*** Source material ***

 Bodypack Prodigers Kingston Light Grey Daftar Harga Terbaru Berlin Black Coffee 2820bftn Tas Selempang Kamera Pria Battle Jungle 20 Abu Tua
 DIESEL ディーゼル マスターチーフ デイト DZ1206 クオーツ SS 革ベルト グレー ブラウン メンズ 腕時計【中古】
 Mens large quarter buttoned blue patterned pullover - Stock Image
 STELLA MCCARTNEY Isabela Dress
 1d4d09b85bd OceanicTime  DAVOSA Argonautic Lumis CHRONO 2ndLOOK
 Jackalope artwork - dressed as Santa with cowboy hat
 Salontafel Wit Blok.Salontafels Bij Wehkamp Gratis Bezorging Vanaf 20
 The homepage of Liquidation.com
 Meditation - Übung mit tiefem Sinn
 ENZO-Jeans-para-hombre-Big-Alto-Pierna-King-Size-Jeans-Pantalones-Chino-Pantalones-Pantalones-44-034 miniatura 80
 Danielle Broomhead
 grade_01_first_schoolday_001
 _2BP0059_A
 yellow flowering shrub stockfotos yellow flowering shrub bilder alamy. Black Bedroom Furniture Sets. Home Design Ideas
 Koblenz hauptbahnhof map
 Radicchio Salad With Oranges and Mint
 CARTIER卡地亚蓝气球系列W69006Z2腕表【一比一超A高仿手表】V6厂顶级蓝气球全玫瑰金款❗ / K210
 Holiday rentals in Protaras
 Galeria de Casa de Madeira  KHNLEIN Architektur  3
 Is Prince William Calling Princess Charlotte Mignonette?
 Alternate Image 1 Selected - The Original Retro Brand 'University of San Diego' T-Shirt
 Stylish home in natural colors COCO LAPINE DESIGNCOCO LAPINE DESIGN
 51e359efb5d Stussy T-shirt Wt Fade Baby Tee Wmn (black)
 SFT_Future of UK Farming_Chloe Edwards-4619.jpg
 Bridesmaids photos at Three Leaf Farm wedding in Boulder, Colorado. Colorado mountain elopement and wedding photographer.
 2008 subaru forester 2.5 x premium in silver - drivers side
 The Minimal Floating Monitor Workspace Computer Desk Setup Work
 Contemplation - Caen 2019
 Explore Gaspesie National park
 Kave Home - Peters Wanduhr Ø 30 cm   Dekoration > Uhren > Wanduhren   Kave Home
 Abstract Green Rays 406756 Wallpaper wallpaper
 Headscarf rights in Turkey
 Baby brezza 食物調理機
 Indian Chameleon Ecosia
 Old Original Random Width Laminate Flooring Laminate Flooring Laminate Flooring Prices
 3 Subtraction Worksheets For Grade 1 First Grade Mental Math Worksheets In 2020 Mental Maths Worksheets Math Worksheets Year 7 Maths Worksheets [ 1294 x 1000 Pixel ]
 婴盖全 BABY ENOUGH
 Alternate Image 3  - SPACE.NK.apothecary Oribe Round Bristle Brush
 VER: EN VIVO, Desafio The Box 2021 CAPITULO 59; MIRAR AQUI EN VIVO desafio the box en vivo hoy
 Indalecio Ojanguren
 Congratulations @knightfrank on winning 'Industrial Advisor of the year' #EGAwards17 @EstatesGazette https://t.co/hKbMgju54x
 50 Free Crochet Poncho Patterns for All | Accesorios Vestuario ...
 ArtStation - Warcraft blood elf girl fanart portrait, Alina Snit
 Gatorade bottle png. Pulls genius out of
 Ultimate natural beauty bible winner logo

*** End of Source material ***

(Required action)
Scan the data, and report each line that uses the word "natural".

(Written answer)
 Stylish home in natural colors COCO LAPINE DESIGNCOCO LAPINE DESIGN
 Ultimate natural beauty bible winner logo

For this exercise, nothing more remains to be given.